### Problem to solve
Output the listing below verbatim, but drop the images.

### Data provided

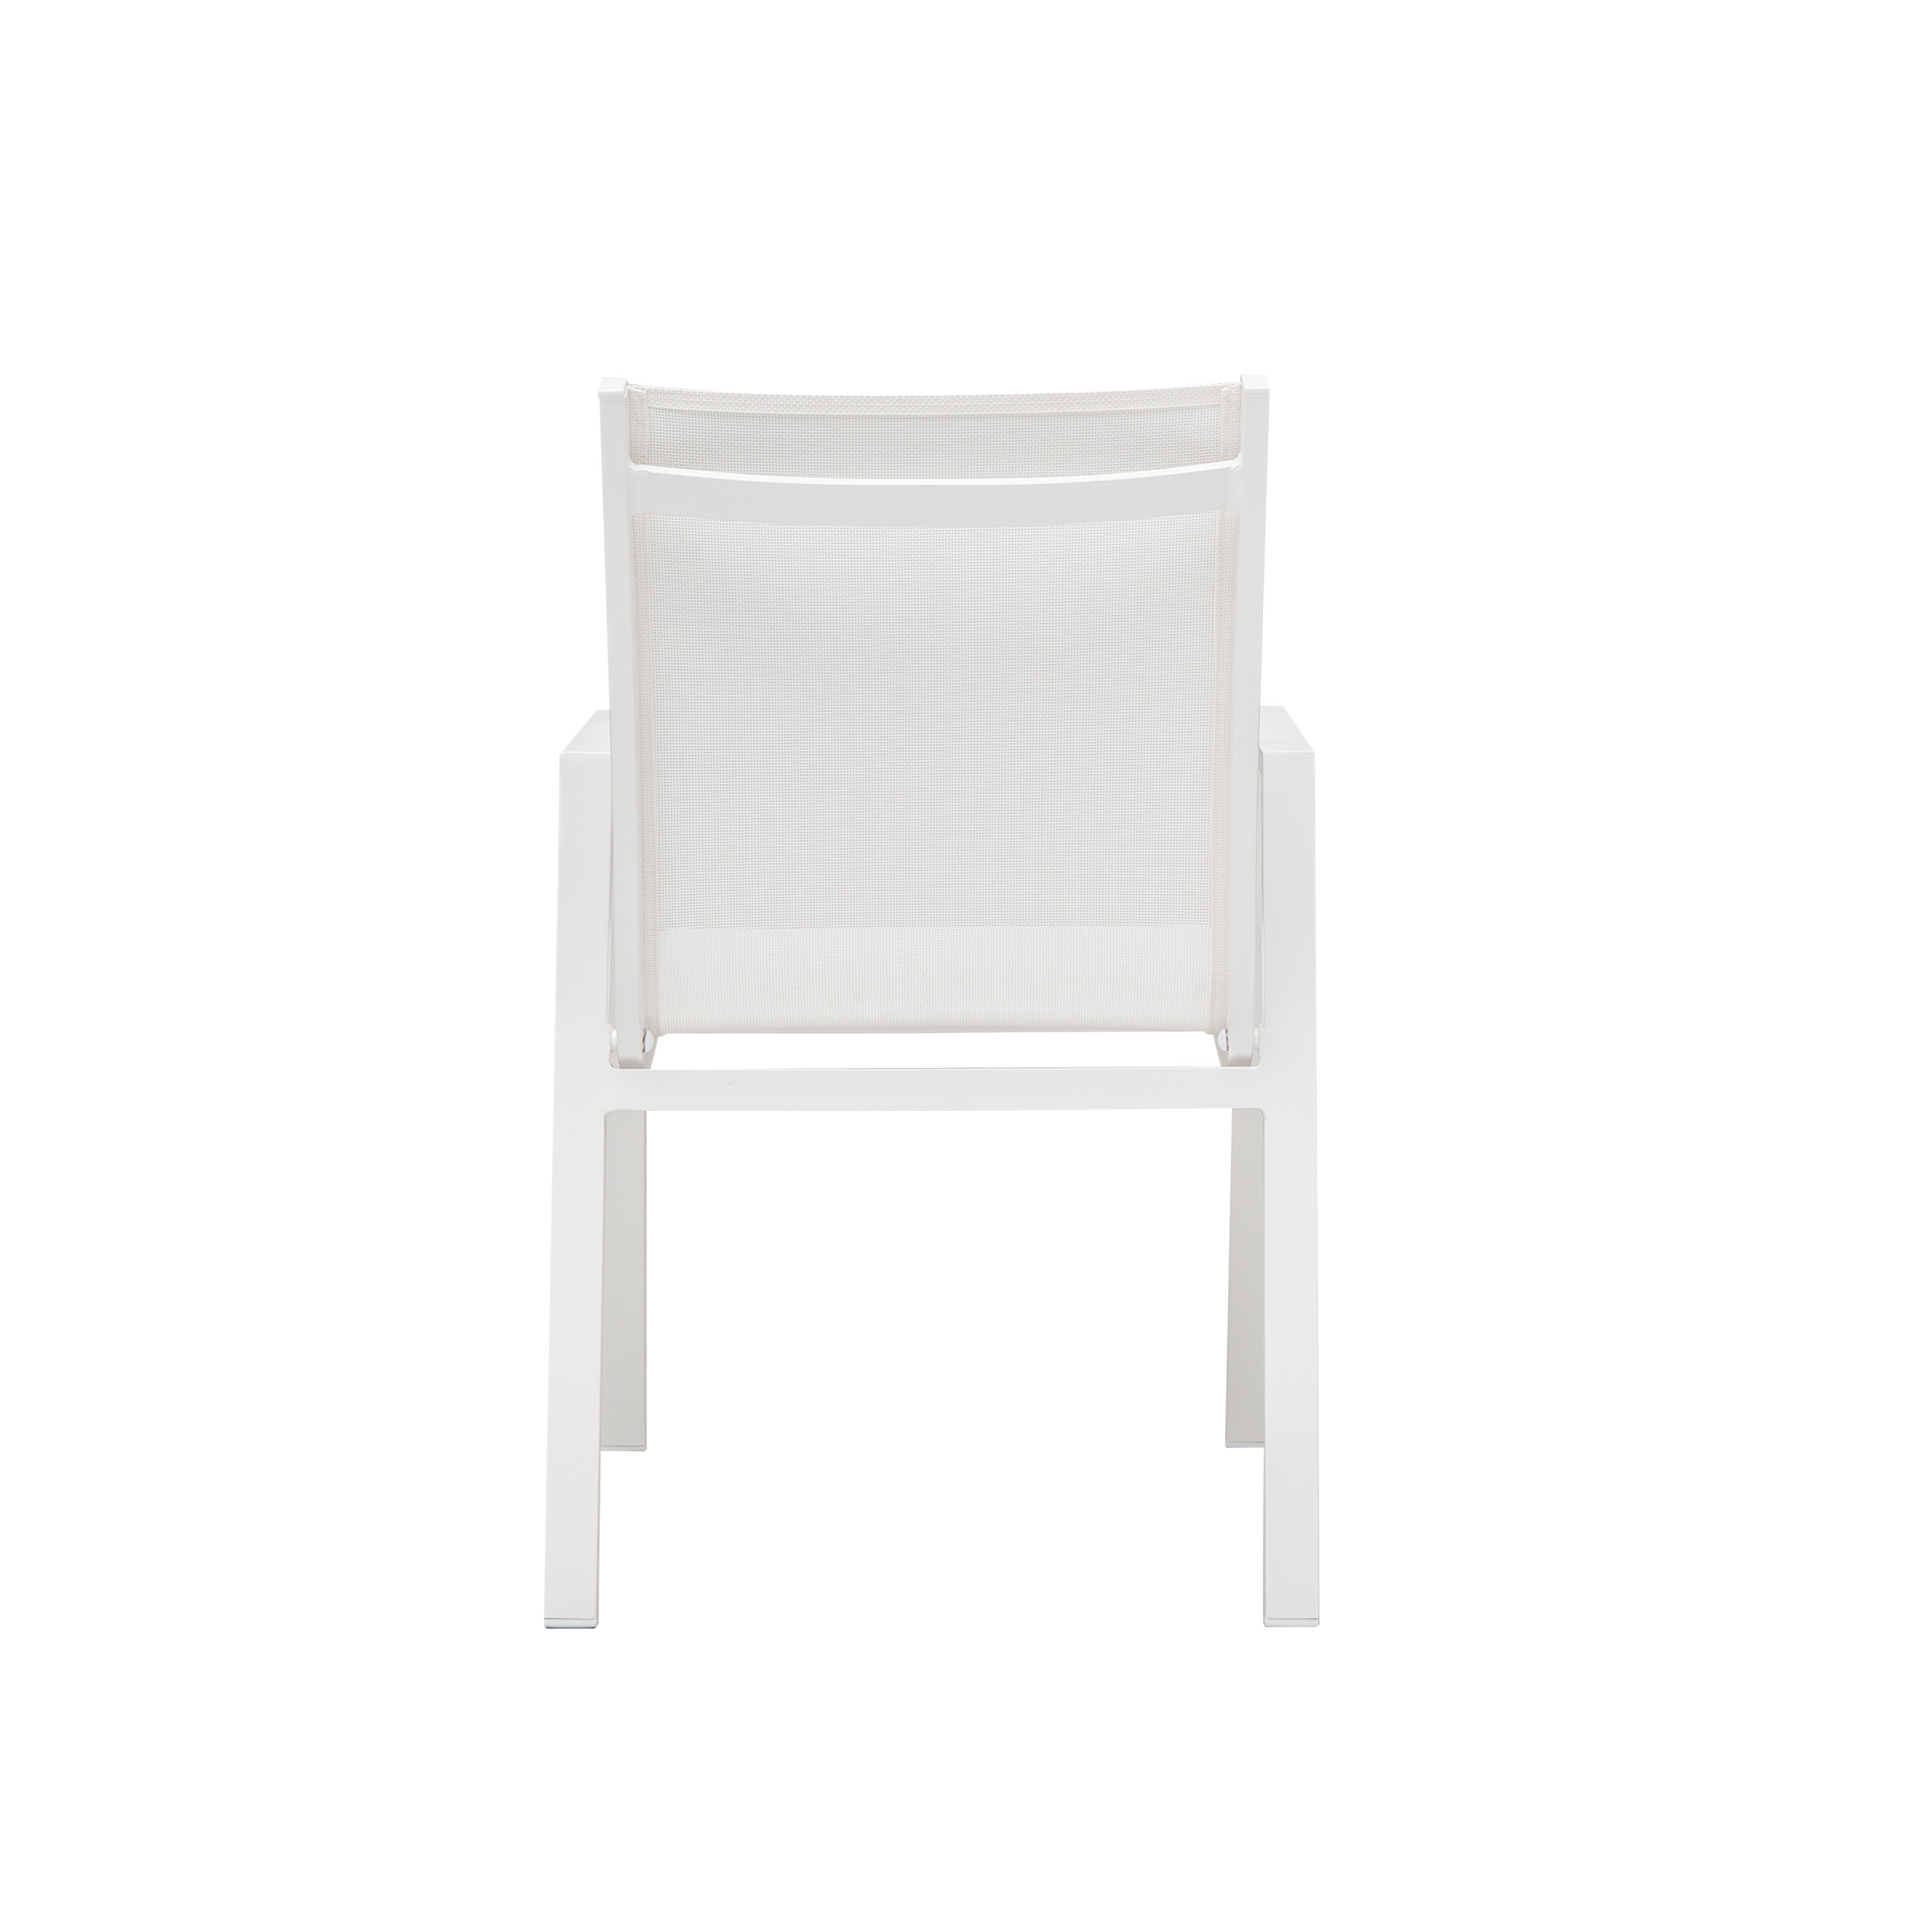 Snow white textile dining chair S2
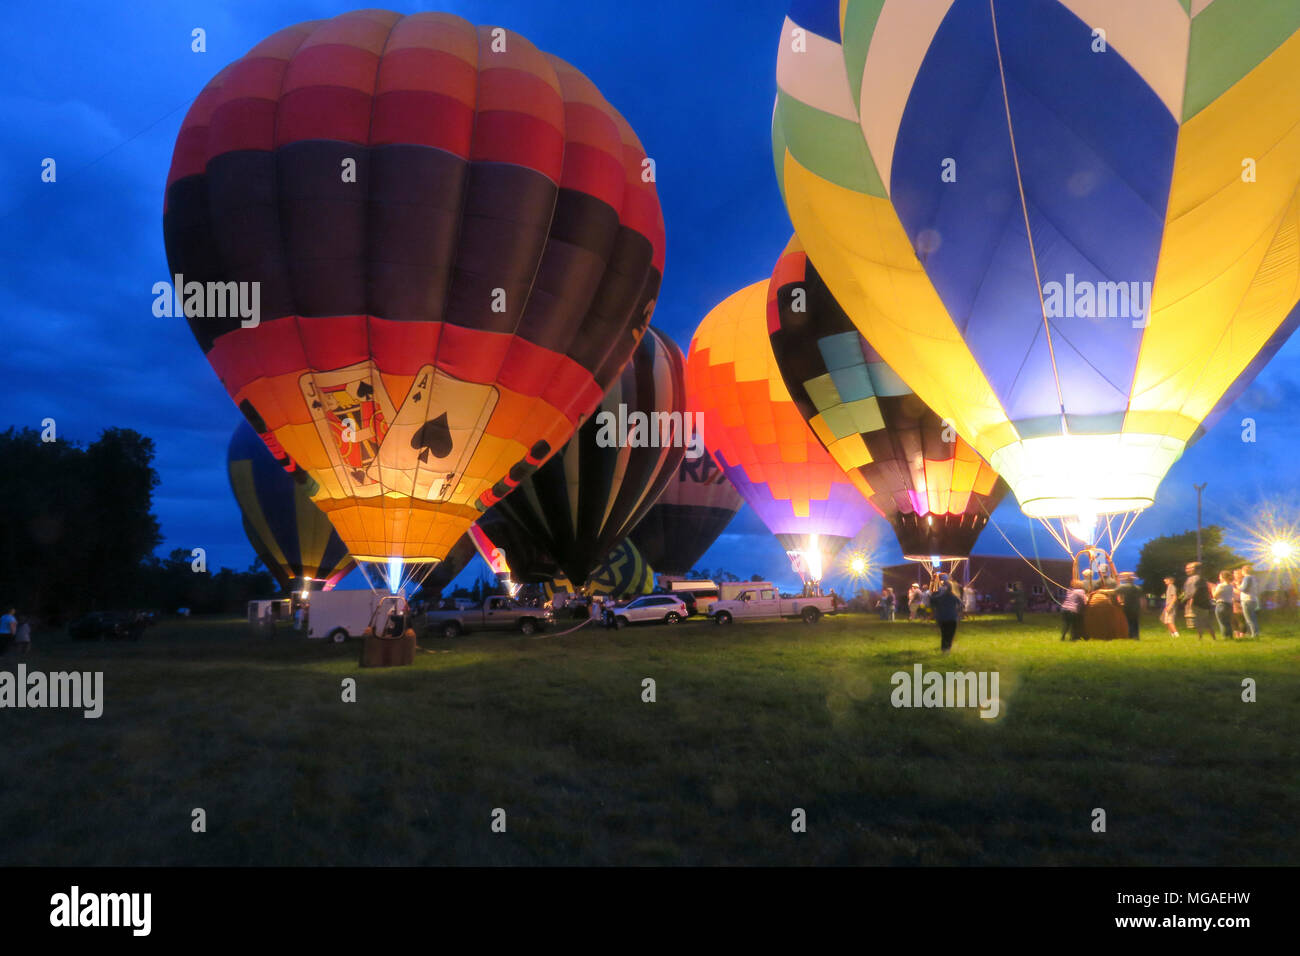 Hot air balloon glow with flames at a Connecticut balloon festival evening balloon glow Stock Photo
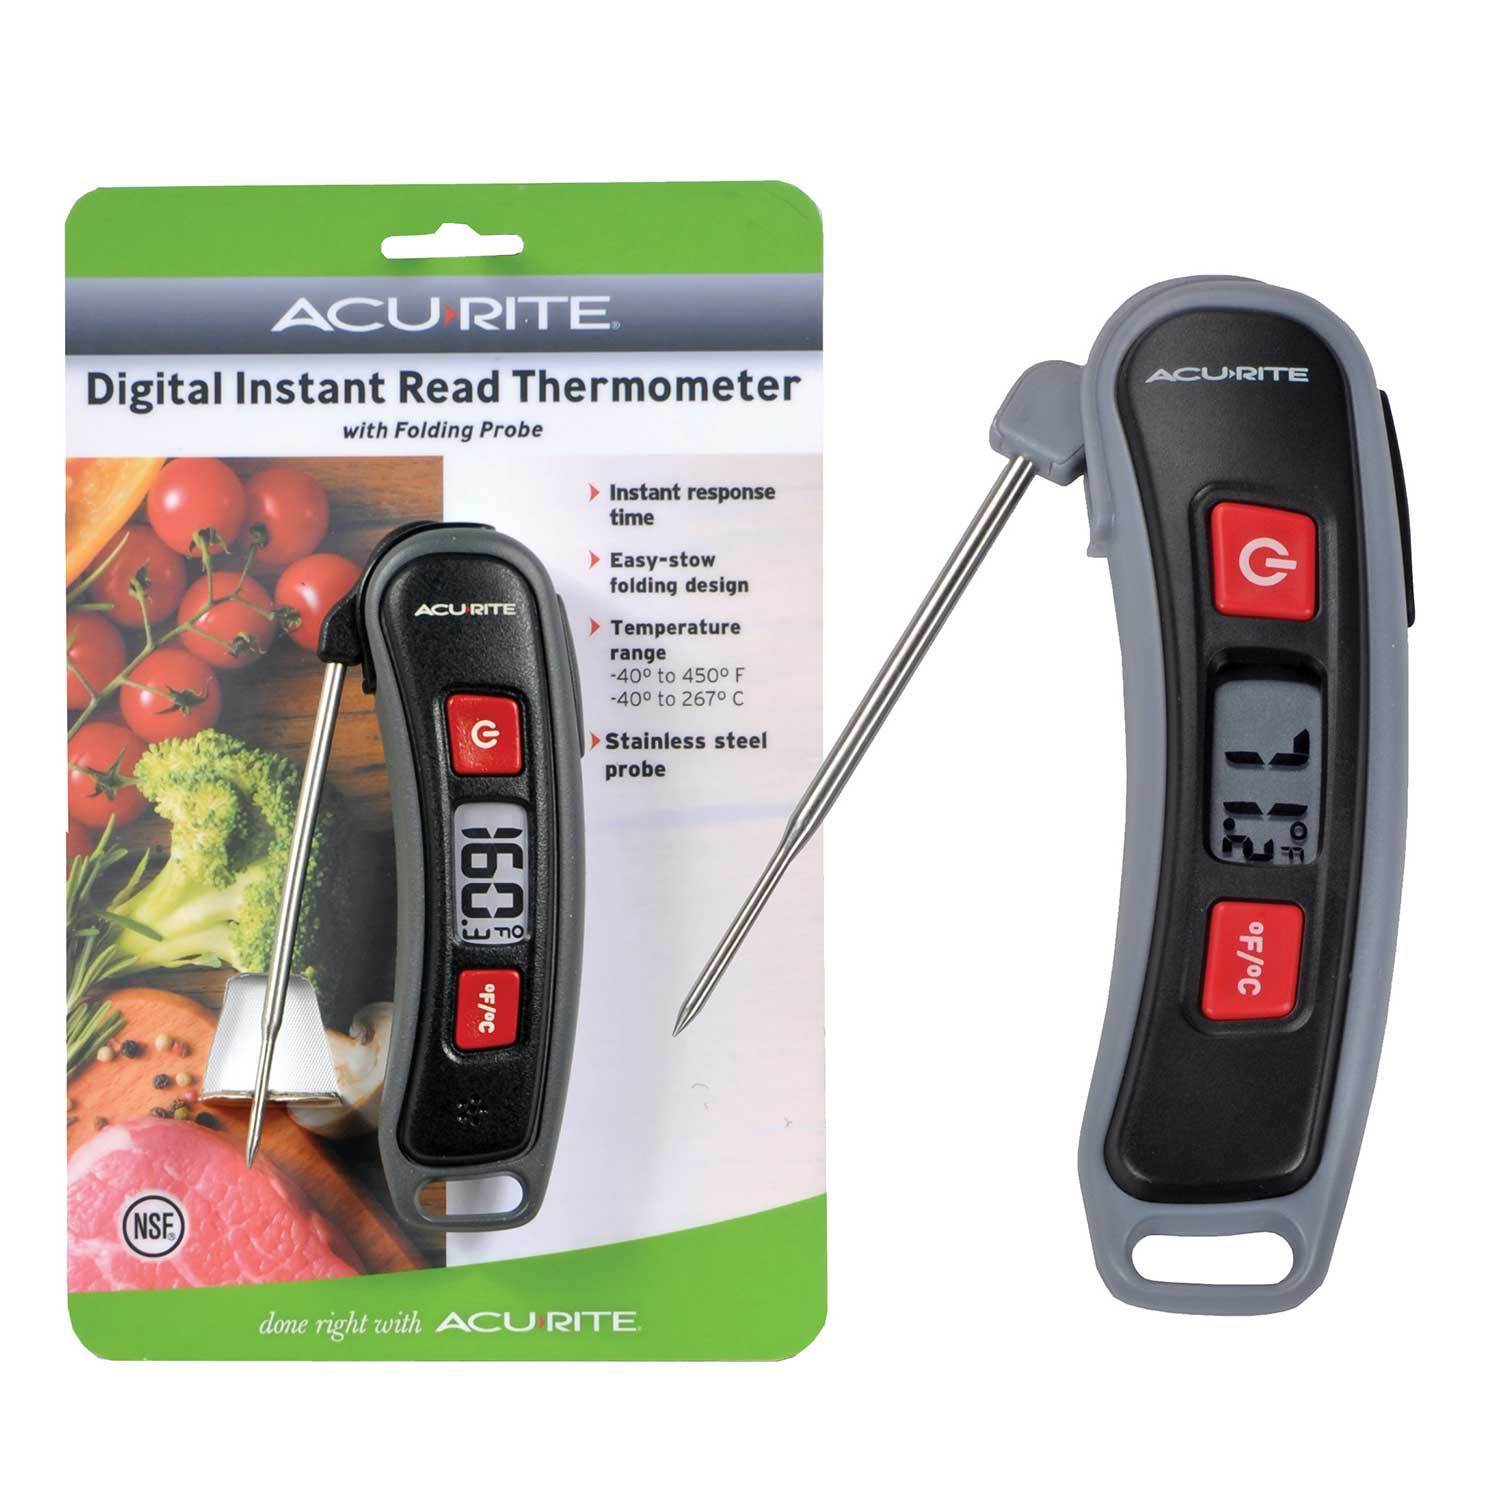 https://assets.mydeal.com.au/48296/acurite-digital-instant-read-thermometer-with-folding-probe-7488302_00.jpg?v=638331489952739031

### Response to the exercise
 Snow white textile dining chair S2
 Hot air balloon glow with flames at a Connecticut balloon festival evening balloon glow Stock Photo
 https://assets.mydeal.com.au/48296/acurite-digital-instant-read-thermometer-with-folding-probe-7488302_00.jpg?v=638331489952739031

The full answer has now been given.